Example IV 30-lane loaders were constructed with strip lengths of either 10 mm or 30 mm. The maximum loading capacity of these was 10 μl and 30 μl, respectively. Samples used above were diluted to either 0.3 μg/μl or 0.1 μg/μl. A total of 2.4 μg protein per lane was loaded onto the strips using either 8 μl of 0.3 μg/μl or 24 μl of 0.1 μg/μl protein. Blots were then probed for pAkt and ppERK. An additional test of the system was its ability to resolve large volumes of very dilute protein samples. To test whether one can load very dilute samples, 30-lane loaders were constructed with strip lengths of either 10 mm or 30 mm. The loading capacities of these were approximately 8 μl and 24 μl, respectively. Samples were loaded onto the strips using either 8 μl of 0.3 μg/μl protein or 24 μl of 0.1 μg/μl protein. As FIG. 23 shows, both strip lengths produced adequate horizontal and vertical resolution and comparable signal intensity for both proteins.

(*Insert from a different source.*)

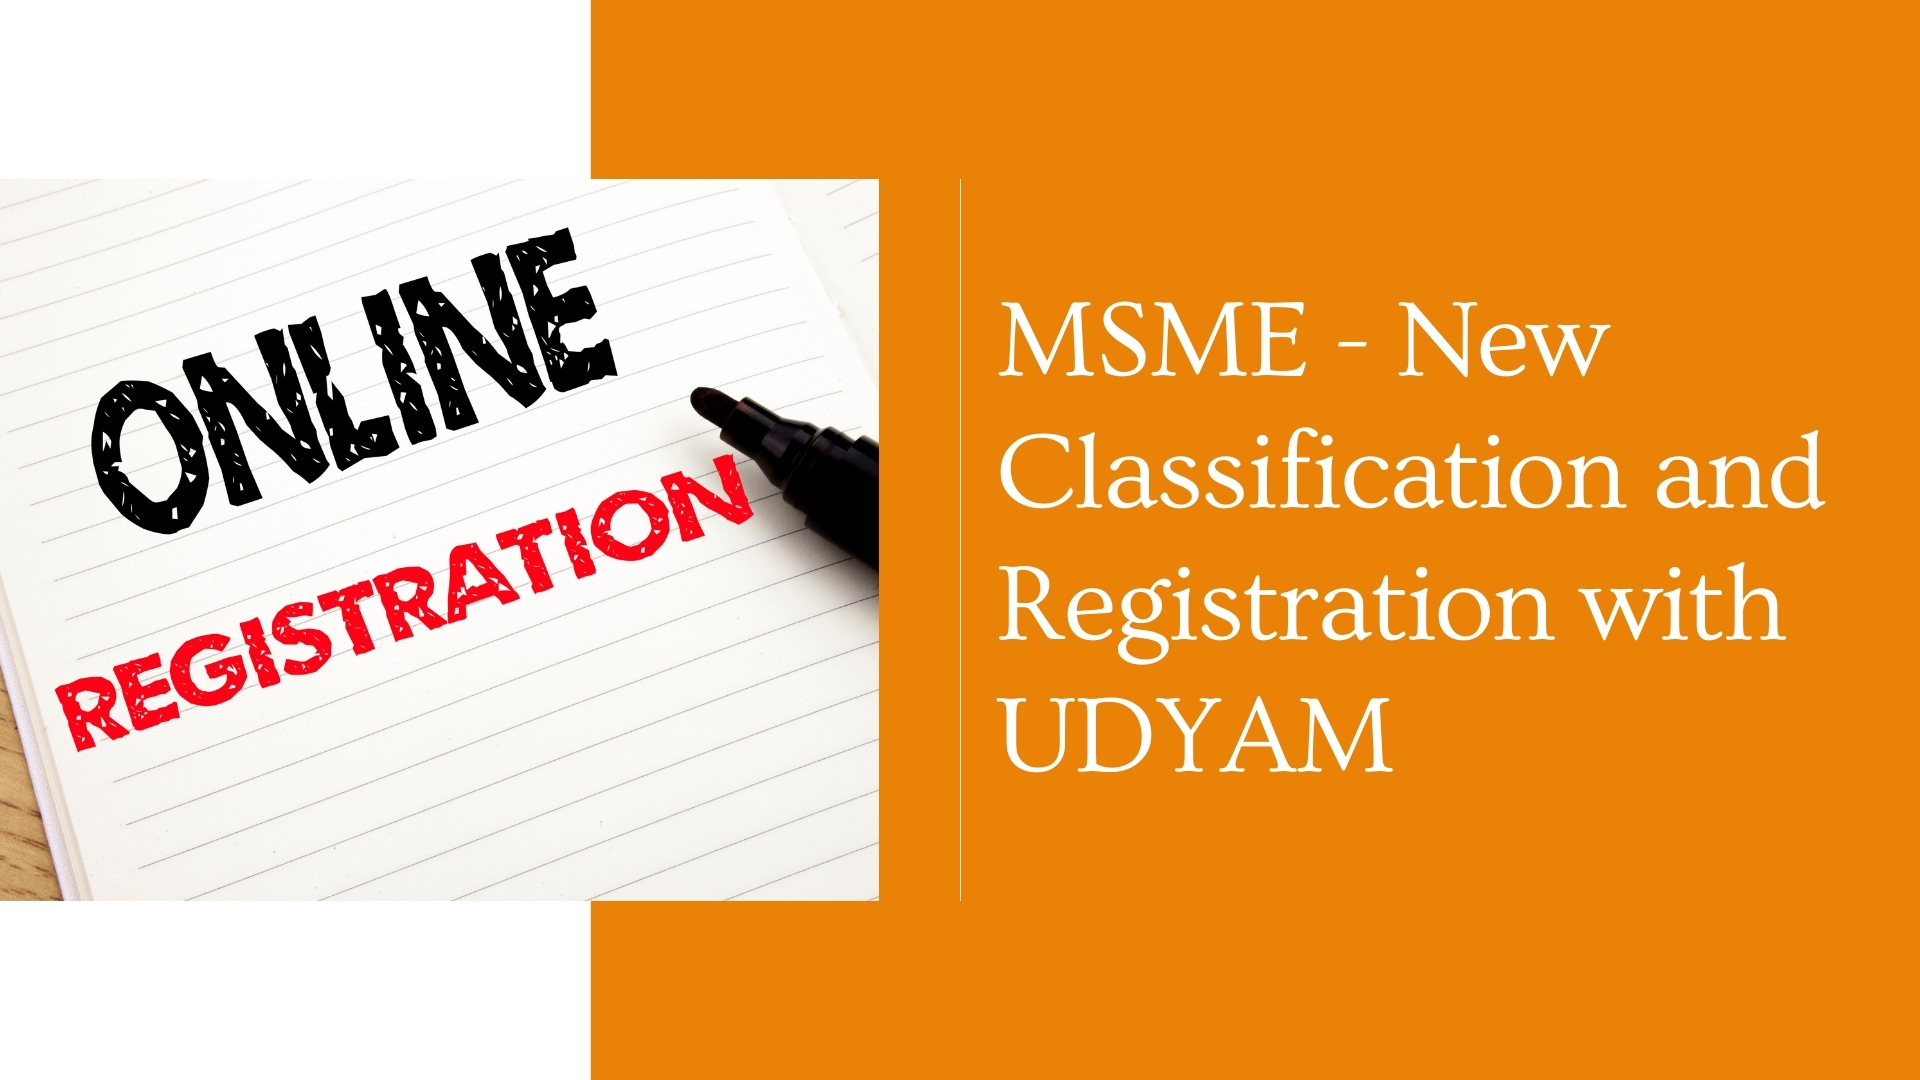 MSME – New Classification and Registration with UDYAM

Example V To determine how the ionic conditions of spacer lanes affect migration of samples, four separate gels were run with the same 2 μg protein in each lane as before. In the first gel, no mounting layer was used. In the second, porous sample holders in the mounting layer were loaded with 50% glycerol in water, which has a higher electrical resistance than an empty space filled with running buffer. In the third gel, the mounting layer was saturated with running buffer, and in the fourth, the porous sample holders in the mounting layer were loaded with 5×SDS sample buffer, which has the highest ionic strength and thus the lowest resistance. Gels were run as before, and western blots were probed for pAkt, ppERK, and pS6 as before. Densitometry was performed, and band width was calculated for the pS6 signal.
As FIGS. 24 and 25 show, there is a dramatic reduction in band width from the no spacer condition to the 5×SDS sample buffer condition. In the 5× condition, the bands were laterally compressed to the point where they were more similar to dots than bands. To generate a fair comparison between all four conditions, gels were run simultaneously for the same length of time, equilibrated in transfer buffer for the same length of time, and transferred together onto a single PVDF membrane. For the gel with 5× sample buffer in the mounting layer, a longer equilibration in transfer buffer prior to transfer may wash out more of the SDS and produce a better transfer with greater retention of Akt.
Although the present invention and its advantages have been described in detail, it should be understood that various changes, substitutions and alterations may be made herein without departing from the spirit and scope of the invention as defined by the appended claims.